Soil Testing Critical After A Drought Year

Carryover nitrogen in the soil will be likely; deep soil sample to about 2 feet.

Published on: Oct 4, 2012

Planning for next year may not be at the top of your priority list right now, but as harvest wraps up, soil sampling should be near the top of their list.

"This has been among the most challenging growing seasons in 50 years, with rainfall amounts far below average. Irrigation has moderated drought impacts for many Nebraska growers, but at a significant cost," says Richard Ferguson, University of Nebraska-Lincoln Extension soils specialist. "The combination of drought conditions, heavy irrigation, and widely varying yields means that soil testing is more important than ever this year."

Irrigated corn yields across Nebraska are predicted to be moderately lower, 3-8% below average, while dryland yields will be substantially reduced, from 32 to 67% below average. These estimates are based on weather data from 2012, and assume no yield-limiting factors other than temperature and solar radiation for irrigated production, Ferguson says.

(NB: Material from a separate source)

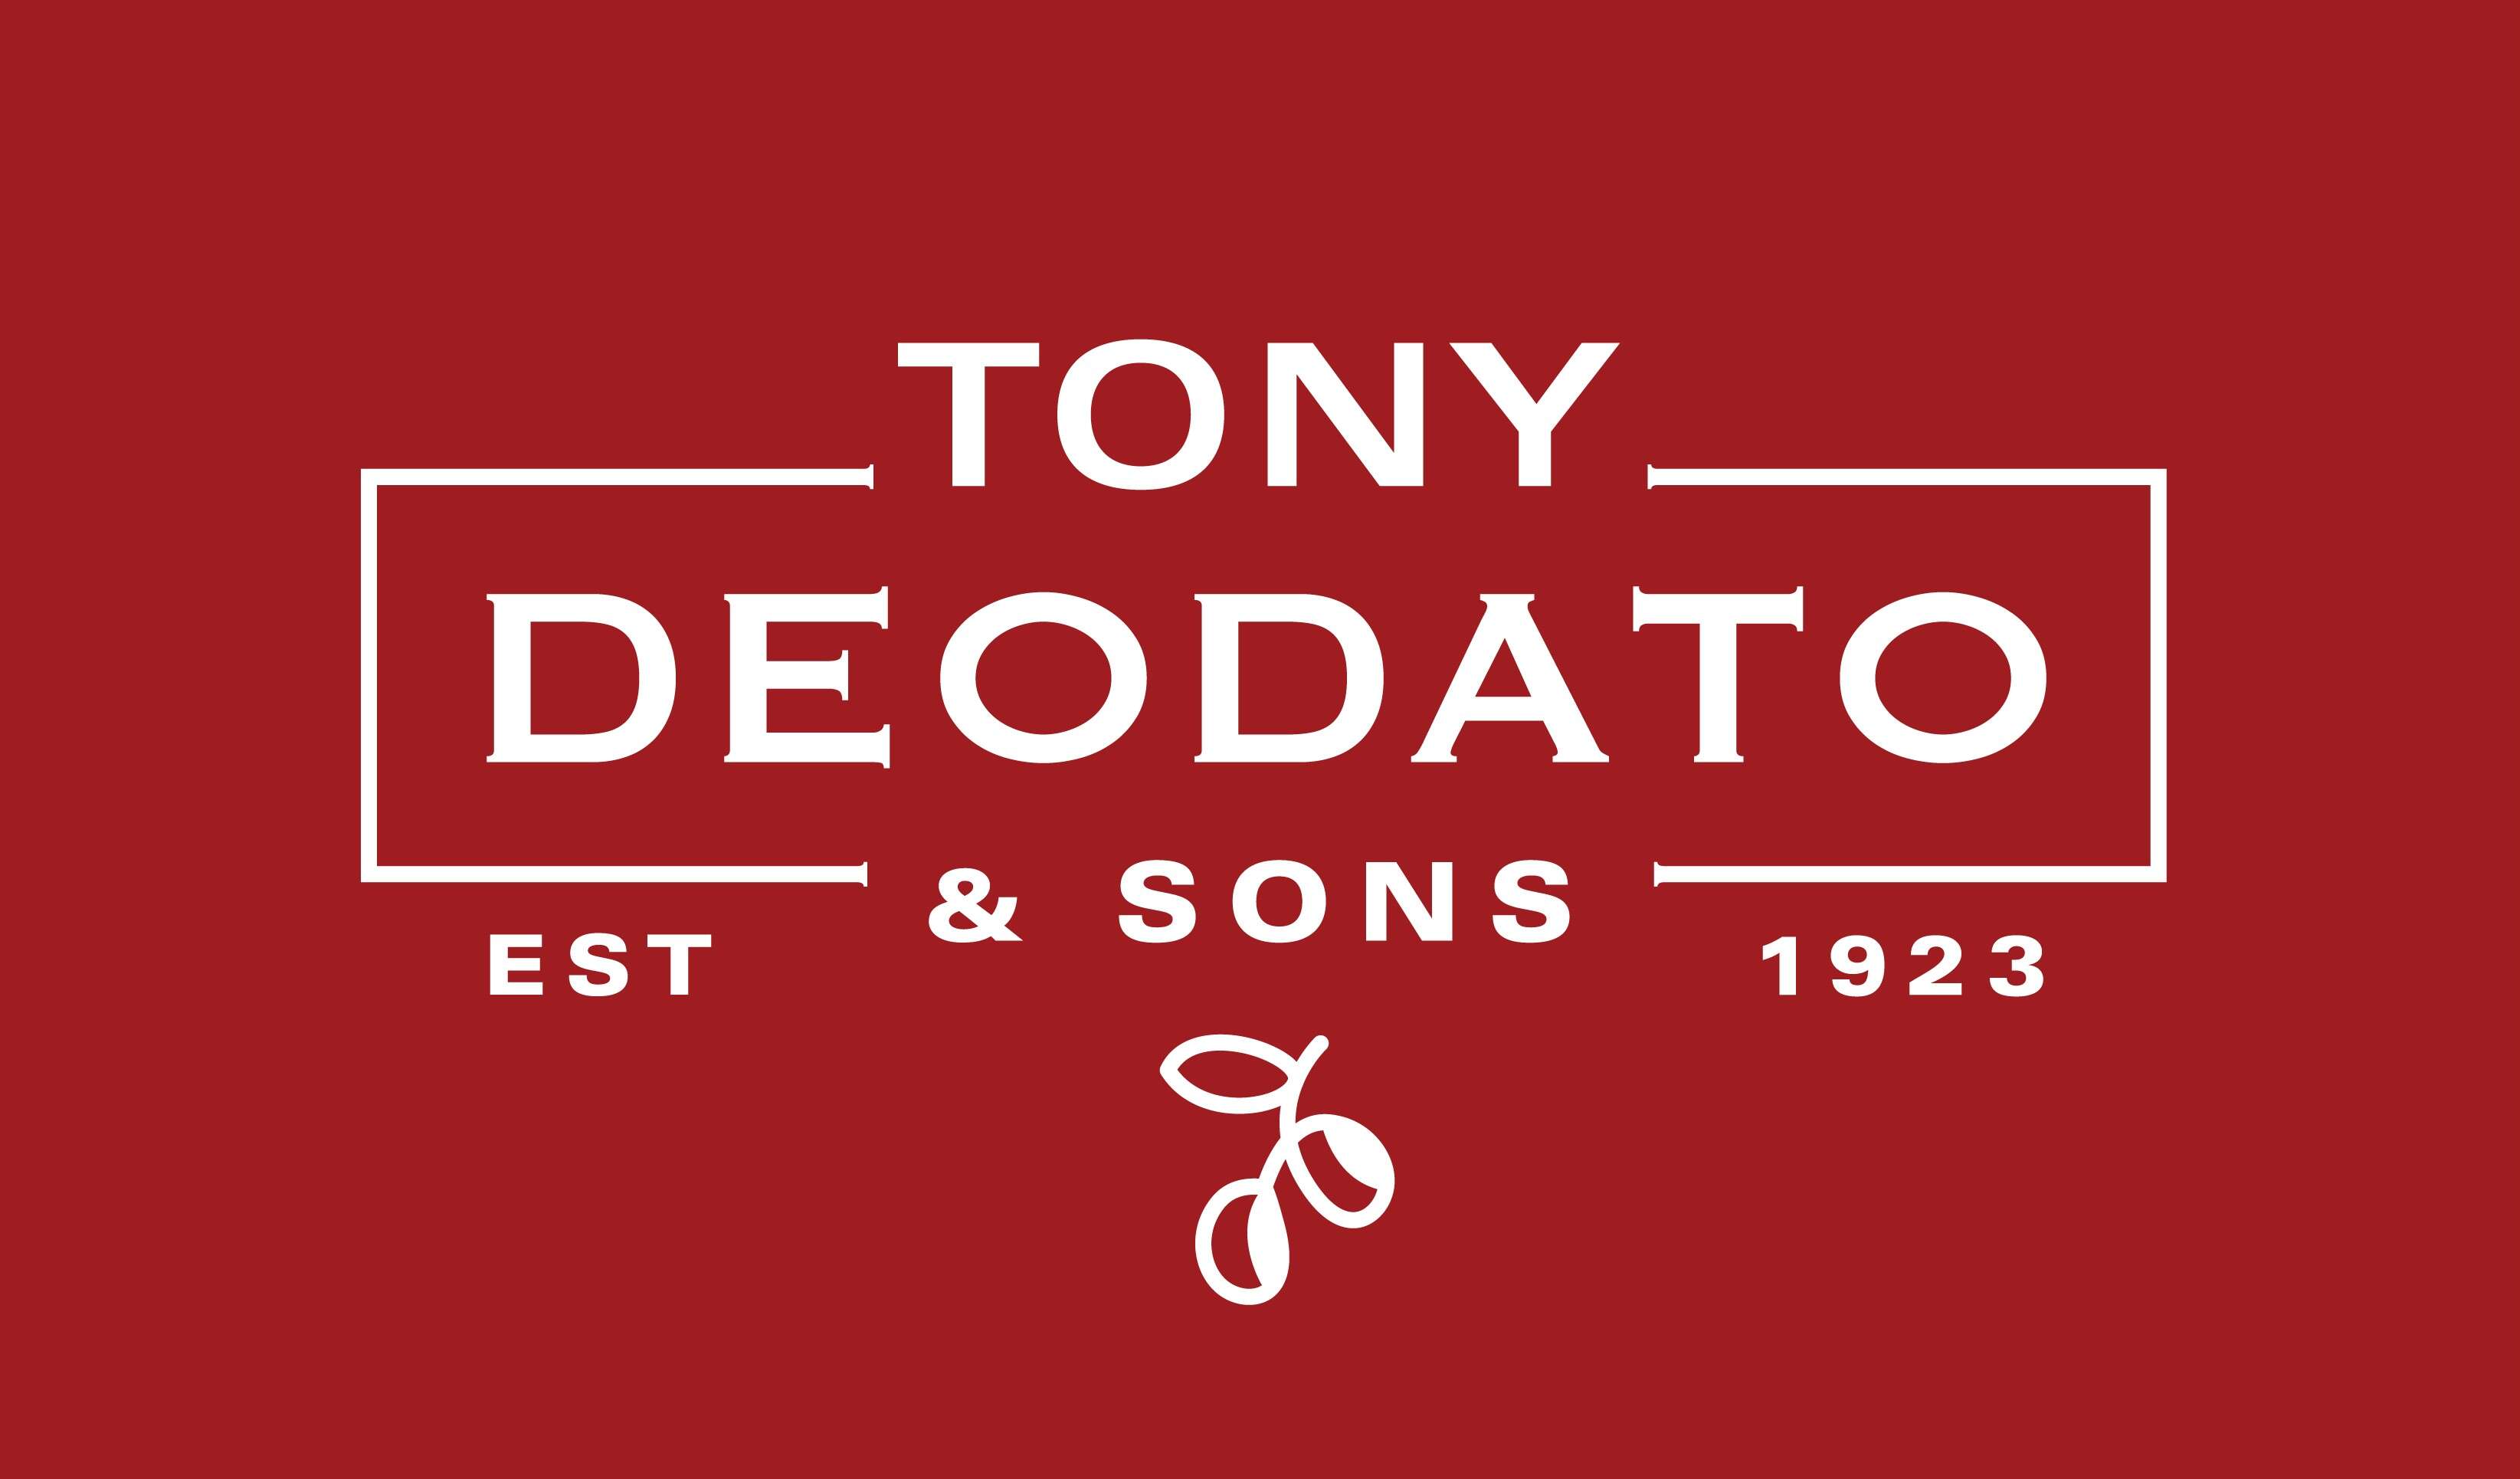 Tony Deodato & Sons

Soil Testing Critical After A Drought Year
Soil Testing Critical After A Drought Year

Many areas of Nebraska had high temperatures during pollination, which may further reduce yield from modeled predictions. The big question is how drought will affect nutrient requirements for next year. The net effect of crop nutrient removal on soil nutrient availability will vary from field to field, and with locations within fields.

For very low-yielding, dryland corn fields, expect residual nitrate levels to be high. This will primarily be from unused fertilizer nitrogen. Soil mineralization of nitrogen will have been quite low in dryland fields due to low moisture. Limited crop nitrogen removal and little or no leaching means that unused nitrogen will remain in the soil.

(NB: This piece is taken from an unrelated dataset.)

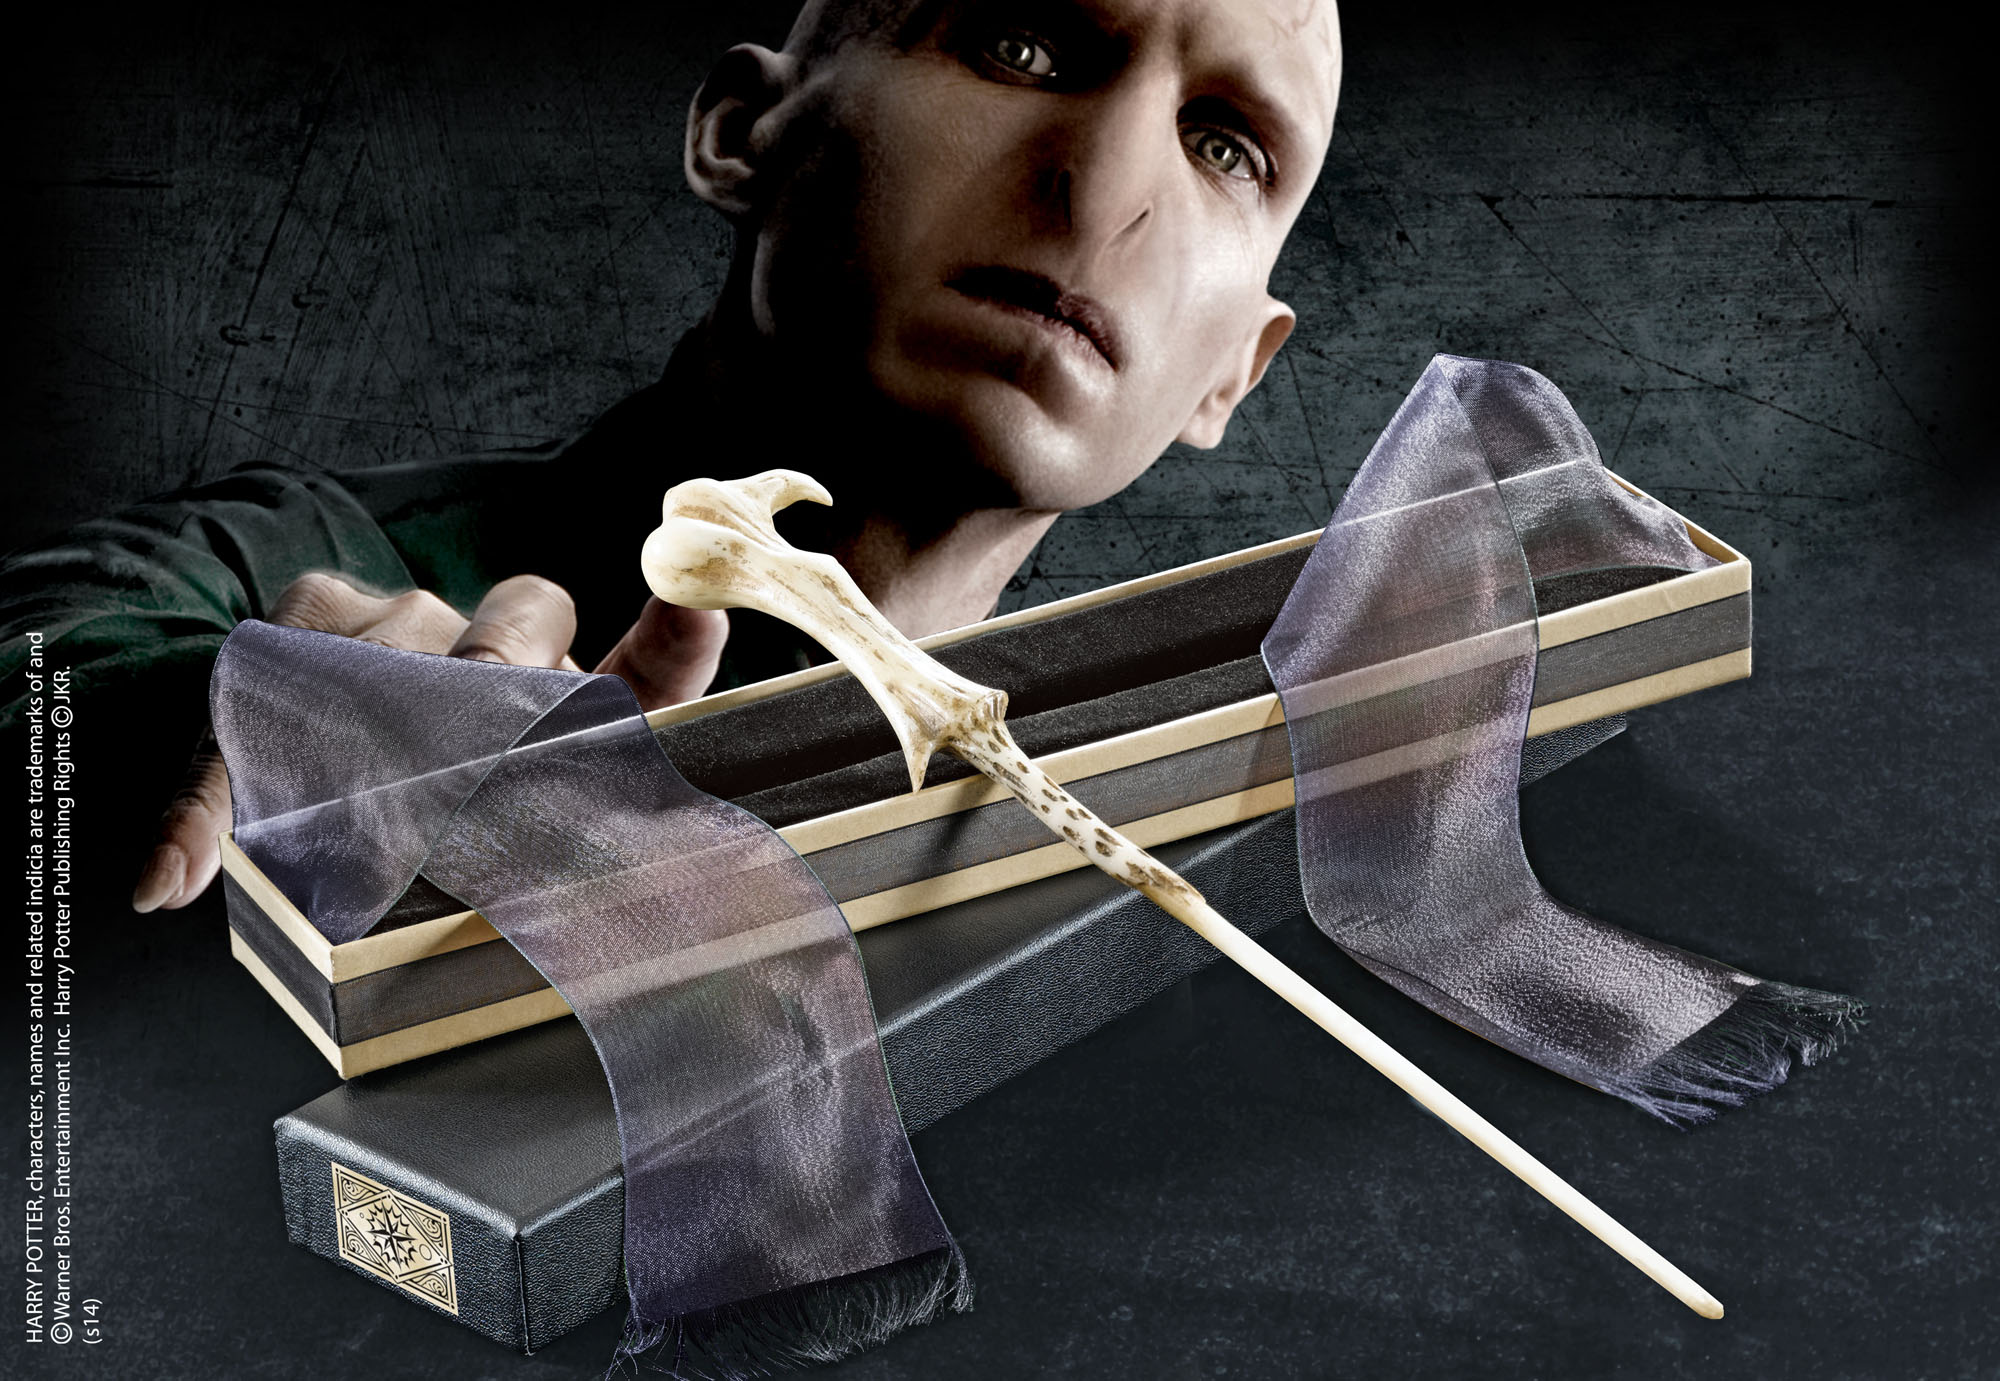 Bacchetta (Wand) di Tom Orvoloson Riddle o Tom Marvolo Riddle (Lord Voldemort)

Soil Testing Critical After A Drought Year
Soil Testing Critical After A Drought Year

"Unless we have an unusually wet winter and spring, this nitrate-N will be mostly available for crop use next year," he says.

The only way to accurately account for residual nitrate-N is through deep sampling, to a depth of at least 2 feet, according to Ferguson. This may be difficult until soil moisture is restored.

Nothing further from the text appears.